Cardiac hypertrophy is a common response of the heart to all forms of stress, whether internal, such as a genetic defect in hypertrophic cardiomyopathy (HCM), or external, such as increased afterload in hypertension. It is diagnosed commonly on an electrocardiogram or an echocardiogram showing increased cardiac mass. A diverse array of stimuli could induce cardiac hypertrophy, including physiological stimuli such as exercise, which induces physiological hypertrophy that is beneficial for cardiac function. In contrast, pathological hypertrophy is responsible for diastolic heart failure and is associated with increased morbidity and mortality. Pathogenesis of cardiac hypertrophy entails sensing the stress through transmembrane, nuclear, or cytoplasmic receptors followed by activation of a cascade of signal transducers that ultimately enter the nucleus and activate gene transcription and expression, protein synthesis, cellular organization, and hypertrophy.

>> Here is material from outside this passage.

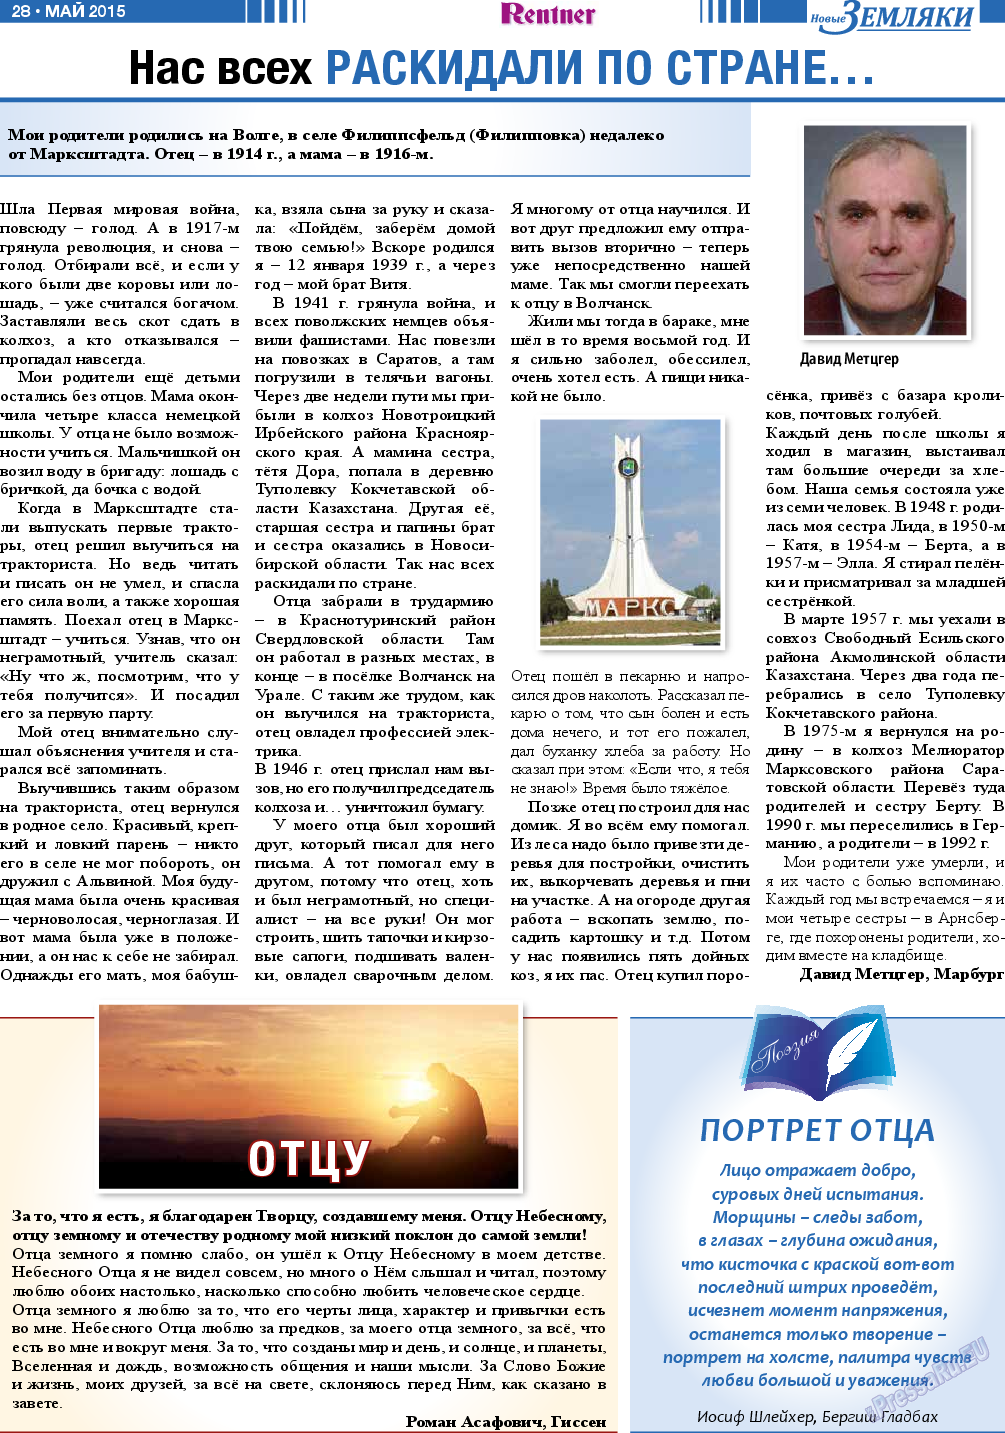 Новые Земляки, газета. 2015 №5 стр.28
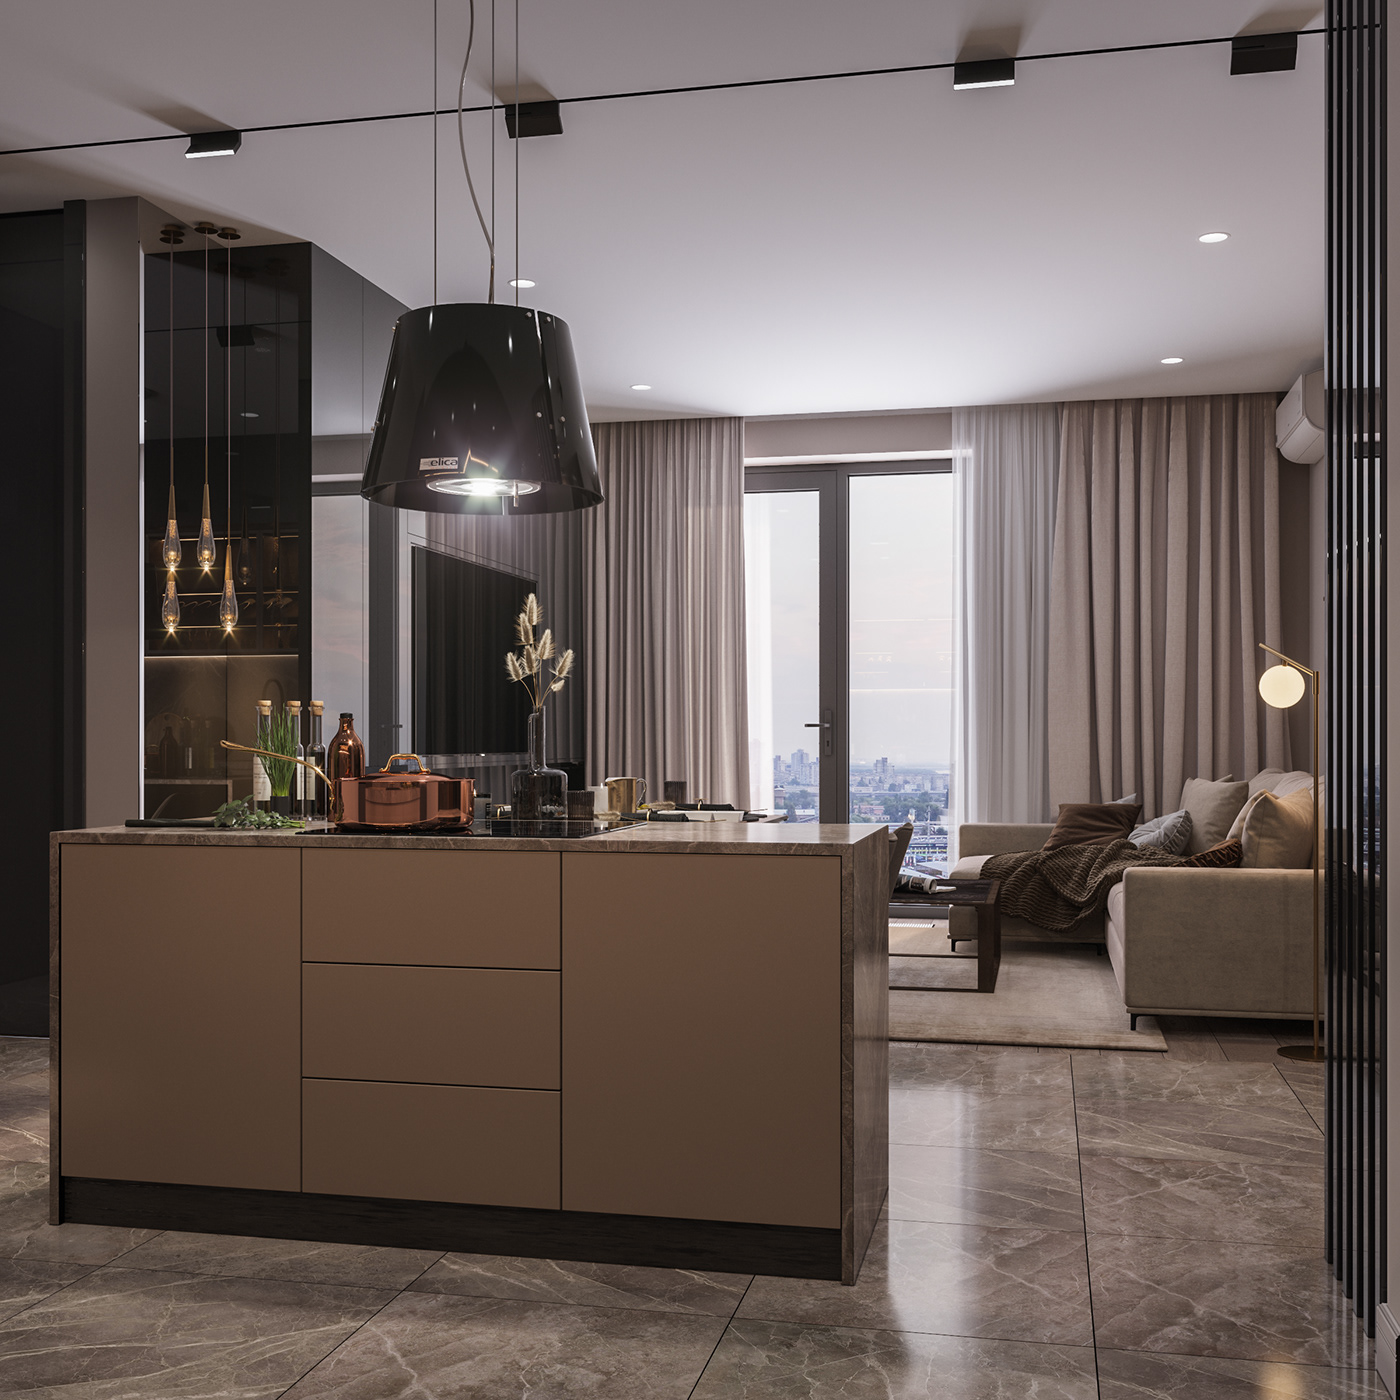 Minimalism studio kitchen livingroom design dark Interior beige

Genetic factors are important determinants of cardiac hypertrophy. HCM is the prototype of genetic cardiac hypertrophy and is caused by mutations in contractile sarcomeric proteins. It is the most common cause of sudden cardiac death in the young, particularly young competitive athletes, and a major cause of morbidity in elderly. Genetic factors also influence the magnitude of hypertrophic response in acquired cardiac hypertrophy. Clinical studies in humans and experimental studies in animals show that hypertrophy is reversible on removal of the primary stimulus (such as treatment of hypertension or replacement of a stenotic valve) or through blockade of signal mediators that are essential for cardiac hypertrophic response. Regression of cardiac hypertrophy is associated with significant improvement in cardiovascular mortality and morbidity.